A Crown Court judge warned the public is at risk because there are no high security hospital facilities in Northern Ireland for mentally ill prisoners, as he jailed a paranoid schizophrenic who hacked a man to death and dump-ed his body in a bin.

Mr Justice Stephens imposed a discretionary life sentence on Mark Warwick for the manslaughter of William McClatchey, whose dismembered body was found in a bin outside a block of flats in east Belfast last year.

The judge told the court that Warwick “pulled out a machete and struck him (Mr McClatchy) over the head with it. There were defence wounds to the deceased’s hands. You struck him several times on his neck with downward blows and you cut off his head.

“You then cut up his body with a machete and a saw so the lower part of his trunk would fit into a bag. You dismembered his body into three pieces. You put the body into the communal bin. There were vast quantities of blood in your flat, which you cleaned up. Thereafter, you did not try to leave but stayed in your flat, except to go to the off licence and to purchase a rug to replace the one destroyed as a result of the incident”.

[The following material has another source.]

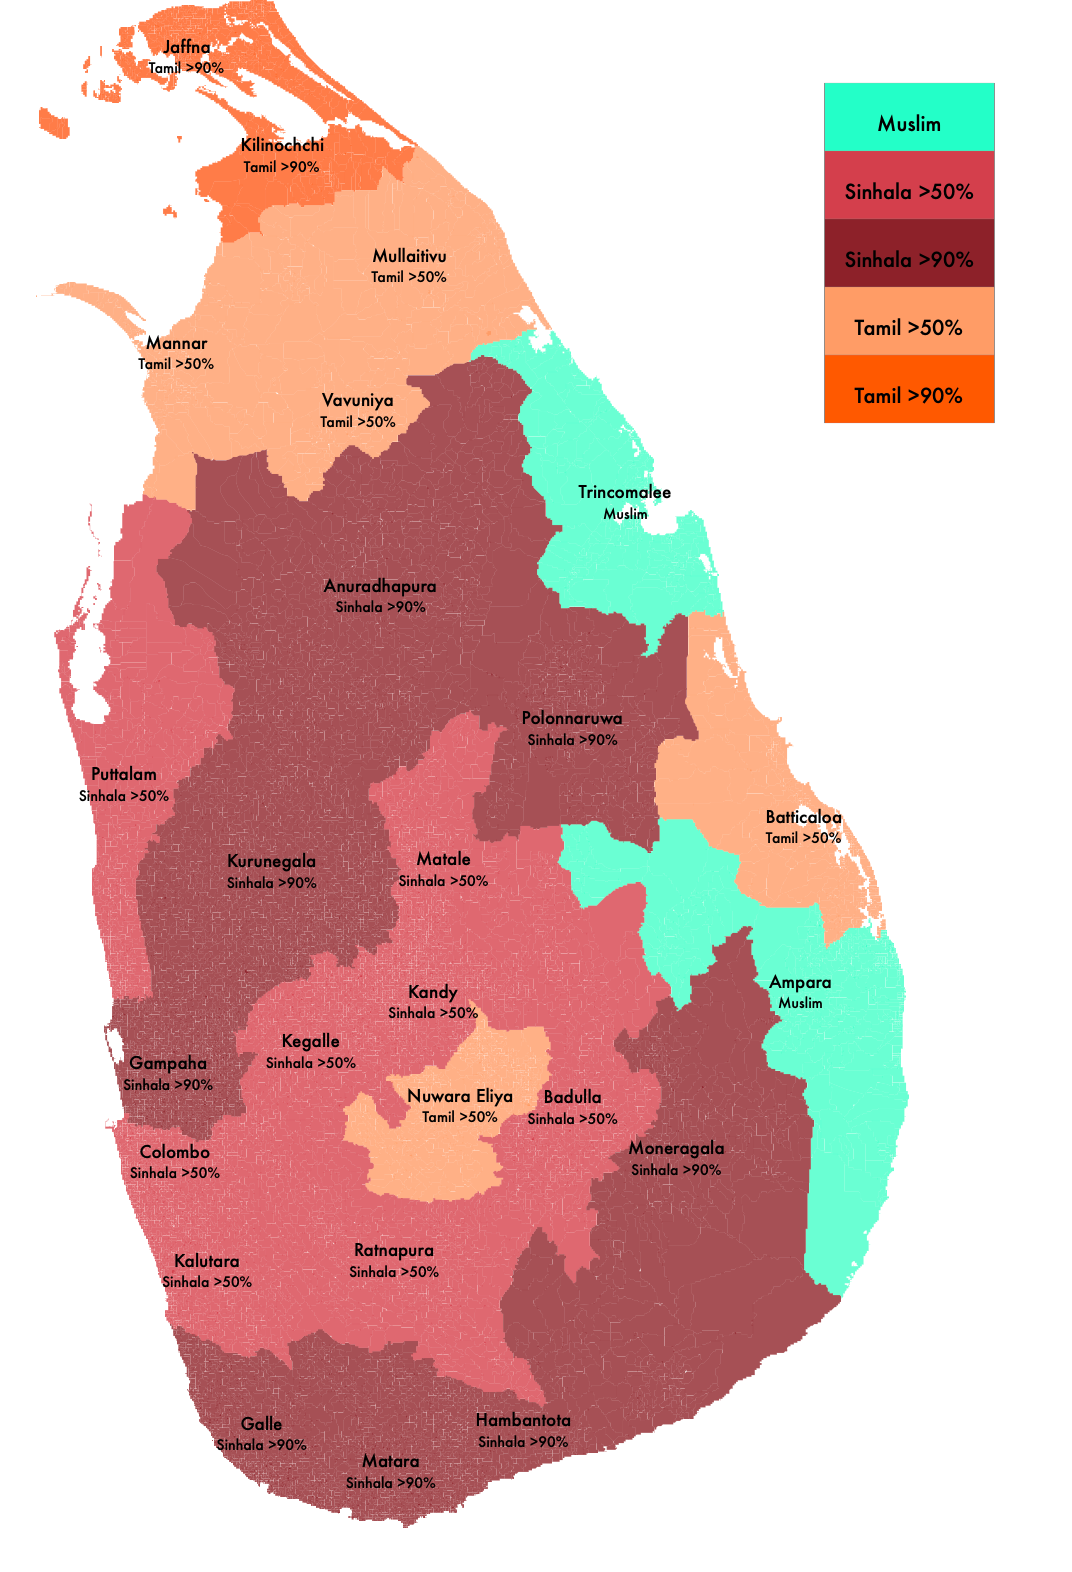 Multi-Ethnic Sri Lanka. Some Visualizations, by Nuwan I. Senaratna, On  Politics

The victim’s mother Mary McClatchey, said: “I was told my son died quickly and now realise he did not – the more about the incident I find out, the more it hurts. I am a mother whose son has been murdered in the most brutal way, he was not given any comfort or dignity when he died and as a mother I find this, and the loss, just too much to bear.”

Mr Justice Stephens concluded Mark Warwick suffers from a personality disorder which is distorted by paranoid schizophrenia.

The judge considered that this personality disorder creates a substantial likelihood that he will cause serious physical harm to other persons in the future.

Mr Justice Stephens added it was a matter of considerable regret that there are no high security hospital facilities available for mentally ill prisoners awaiting trial in Northern Ireland.

He said the lack of facilities makes it more difficult to assess whether a defendant is suffering from a dangerous personality disorder as well as a mental illness. This could result in the court imposing the wrong order and the defendant being released into the community when he or she still poses a serious risk.

The court was told that Warwick should serve a minimum of five years before his release is considered. “It may be longer before the defendant is considered suitable, and if released, he will be subject to licence conditions for life,” Mr Justice Stephens said.